Do not operate punish its conferences, supporting, pleading, rewarding and shout - you tried. Rather than trying to find the right positive or negative intervention, consider a solution in a completely different context. Rather than attempting to apply outside motivation, try it elicit Interior. The best way to do so is by exploring and developing the divergence of your youth, the difference between their goals and their actual performance.

For non-motivated children, it is quite common for them to say one thing ("I want to get good grades to") and another (do not complete duties). It is this discrepancy that you want to explore. Parents in general it by becoming upset, screeching comments such as "How can you expect to do the same when you do any work at home?" How you never expect succeed? You'll never experiment for good grades being so lazy. "Although each of these statements may be true and clearly identify inconsistencies in their teens, they are not useful or motivating. Here are a few guidelines to effectively develop this divergence.

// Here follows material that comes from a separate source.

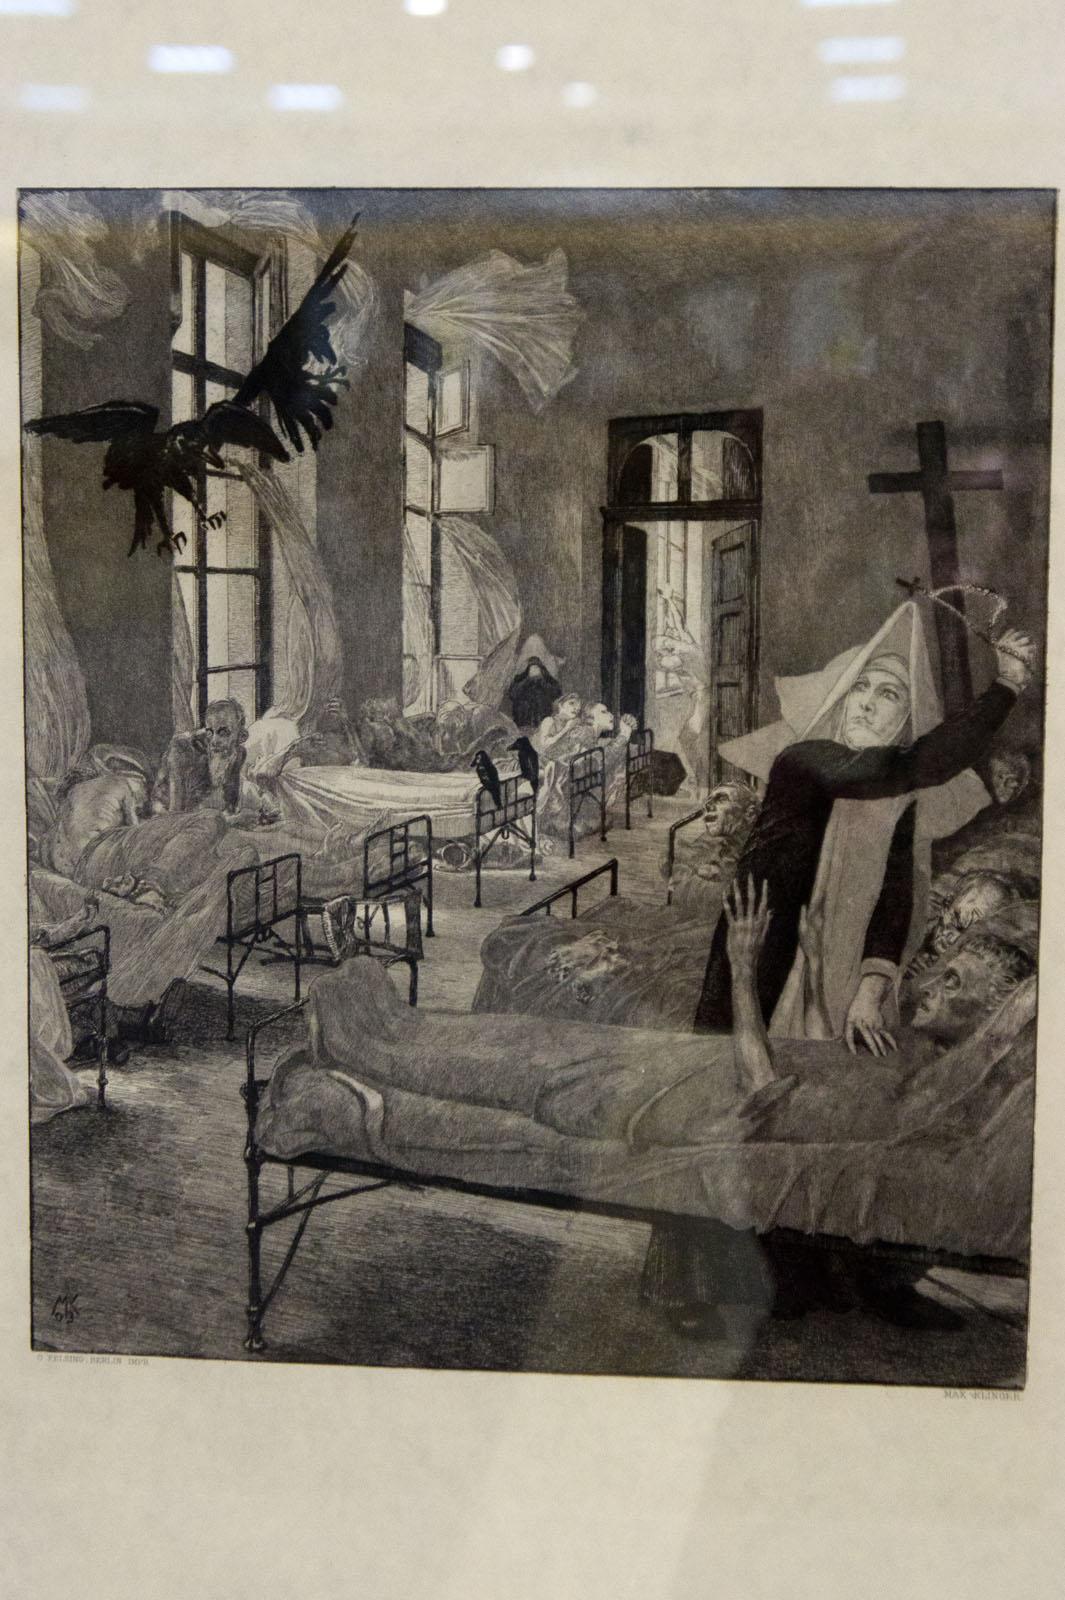 Фото №76482. Чума. 1903, Макс Клингер (1857-1920)

Be curious. Ask questions, but do not question. Your questions should indicate a fresh curiosity. Like most parents, your typical examination indicates that there is only one acceptable answer for you. Instead, you can be bewildered or confused by the difference rather than upset by it. For example, I am curious, you said that you wanted to do really well in school this semester, but I see that you made few duties. Is there something that I do not understand? "I am a little confused". Or "there appears to be a difference between what you say you want and what you're doing." "Is it a problem that blocks your progress?

Be gentle. Do not take a one - up, authoritarian, approach book. Rather, approach the conversation as if you know nothing and simply want to understand view of your adolescent. Keep your quiet voice. Do not impose your point of view on them.

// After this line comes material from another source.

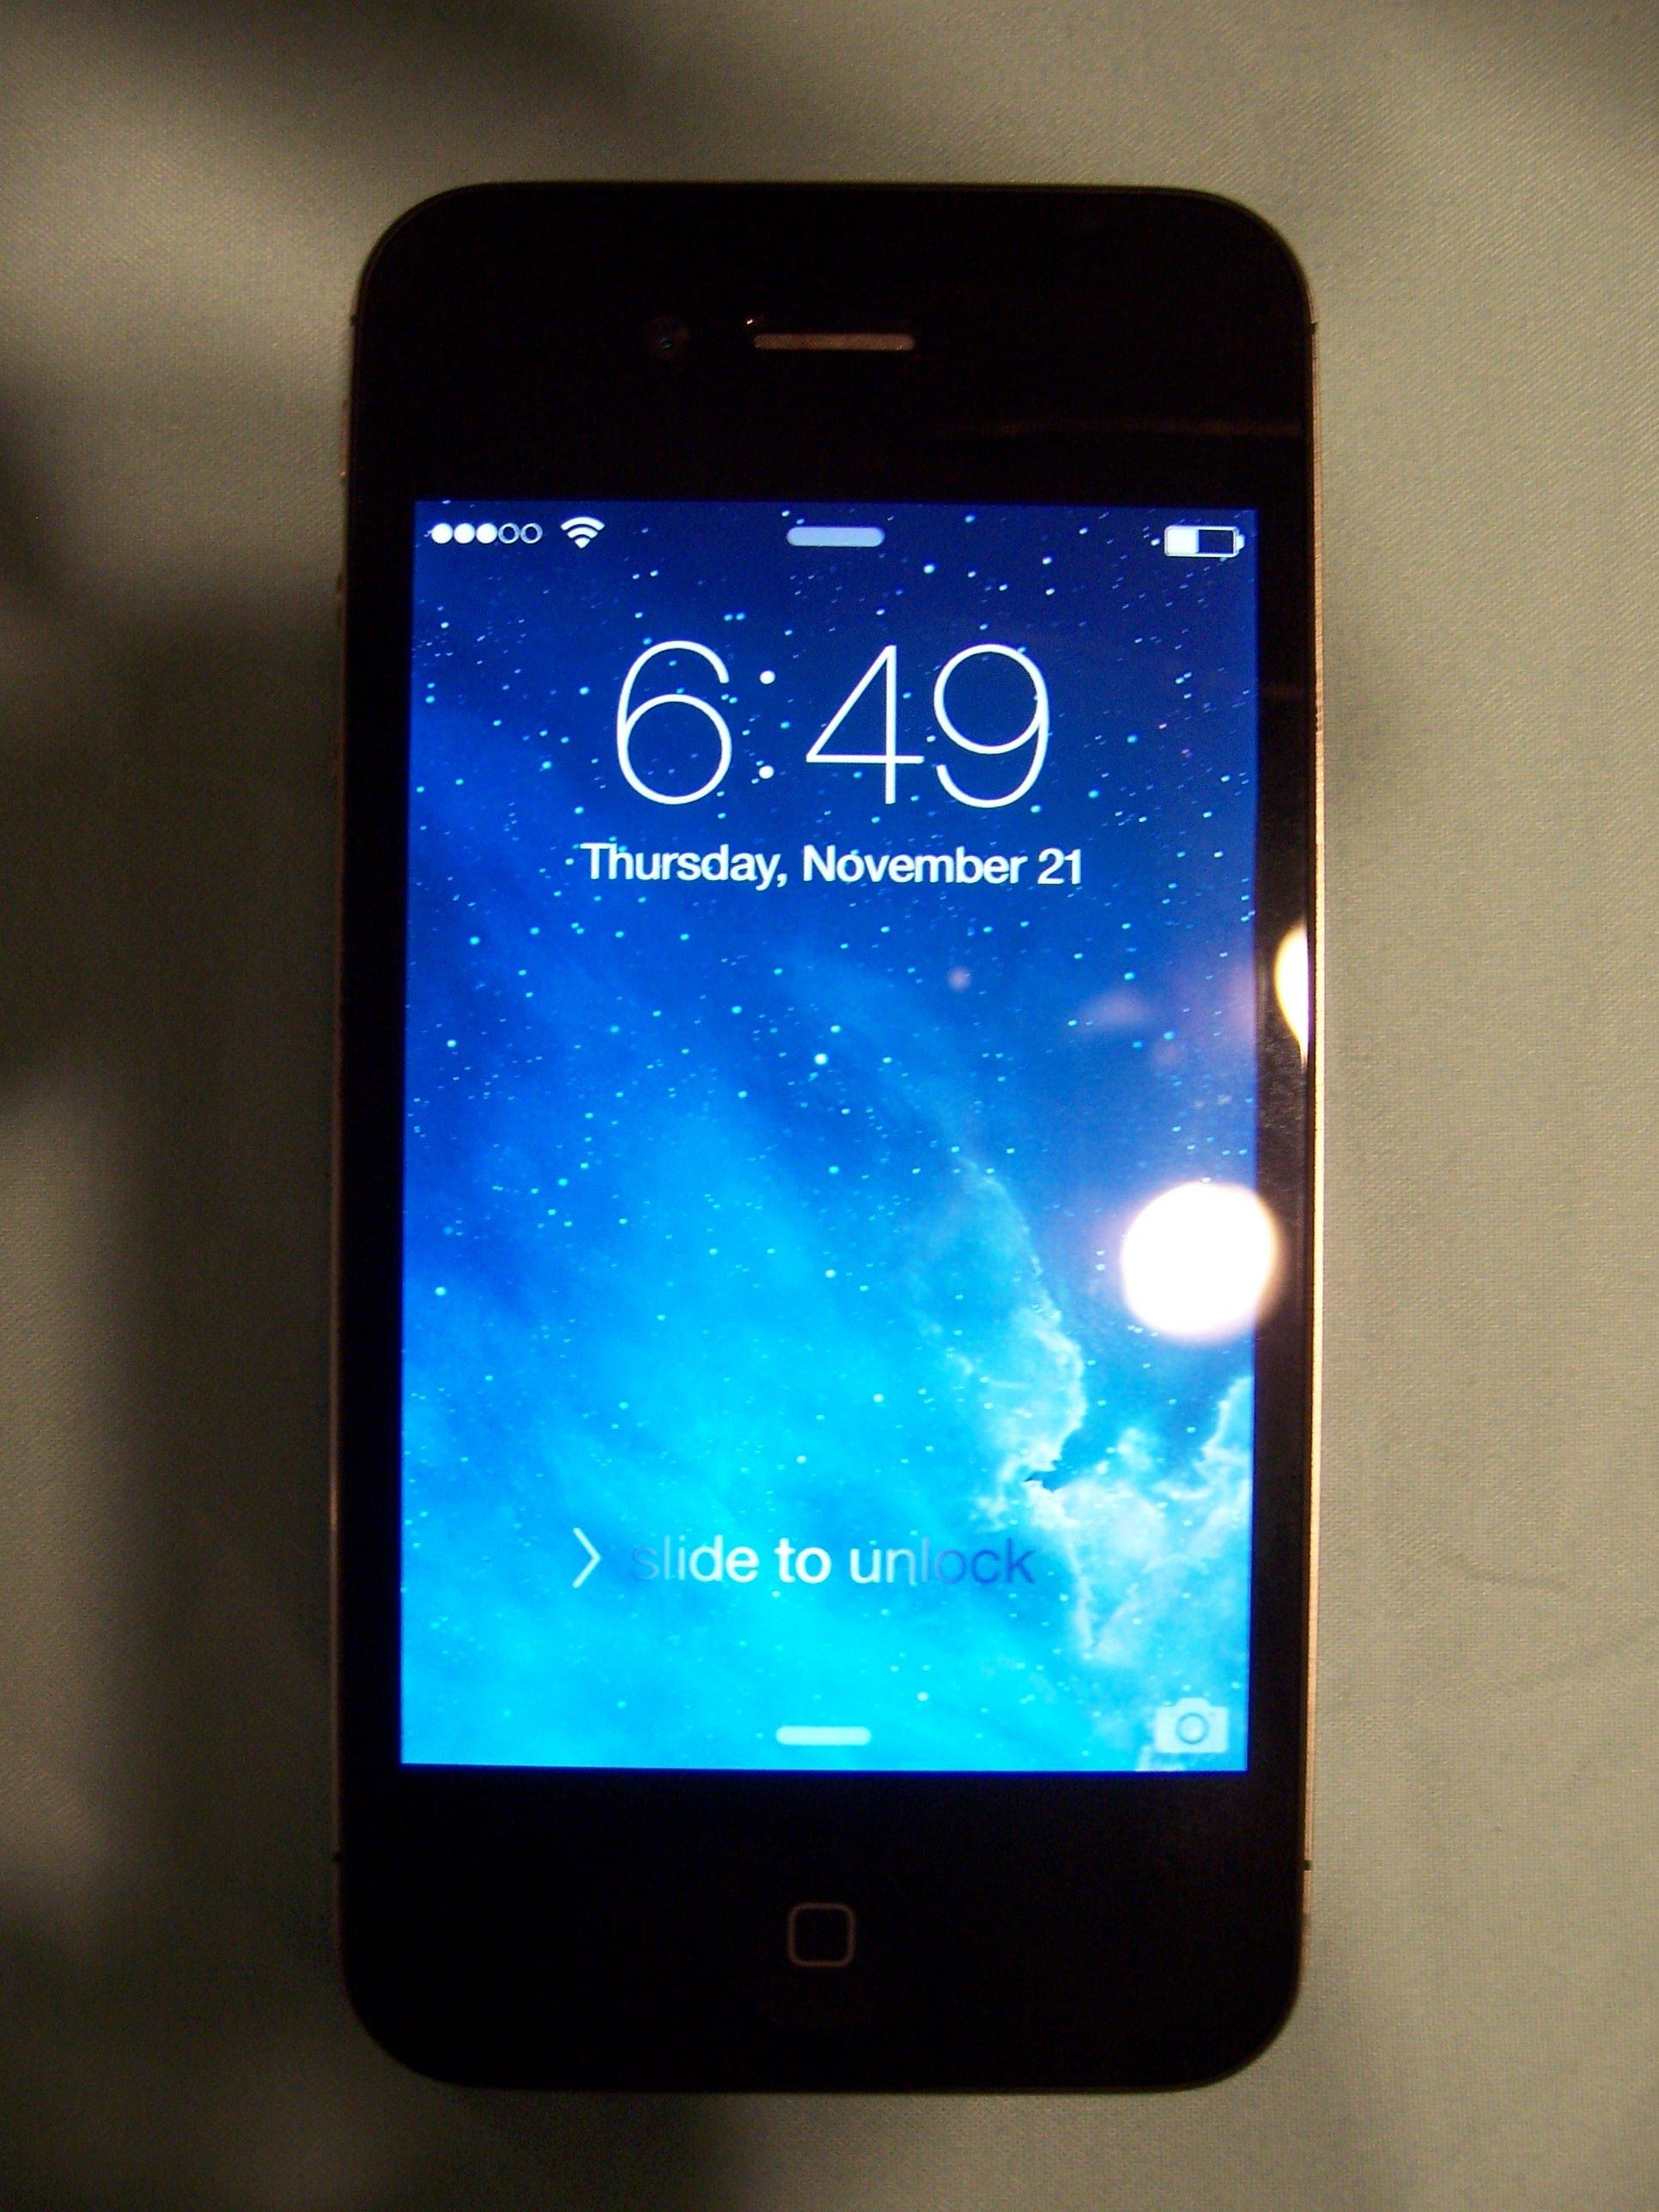 Apple iPhone 4 - 32GB - Black (Verizon) Smartphone - YouTube

Listen. Teens are very used to be spoken to but unused to be listened to. Just listen, the judgment of restraint and as clearly as you do your best understand are vital to the process of motivation. You may not agree with them; Keep your judgments to yourself. They are already well aware of your good advice and know what you want that they would be; to simply repeat is not useful.

Remember, acceptance facilitates change. Keep in mind that the motivation is more a question of relations, as a personal quality of your adolescent. The steps listed above are essential aspects of this relationship of motivation.

Dennis Bumgarner, ACSW, LCSW is a family adviser who consulted with their parents for more than 35 years. He is the creator of the video training "get the behavior you want your child" and the DVD "Kindness, courtesy and Respect" of parents for children. In addition, he is the author of "Motivate your Intelligent but unmotivated adolescent." He is in demand as a trainer for parents, schools and social service organizations and has provided hundreds of presentations of training across the country.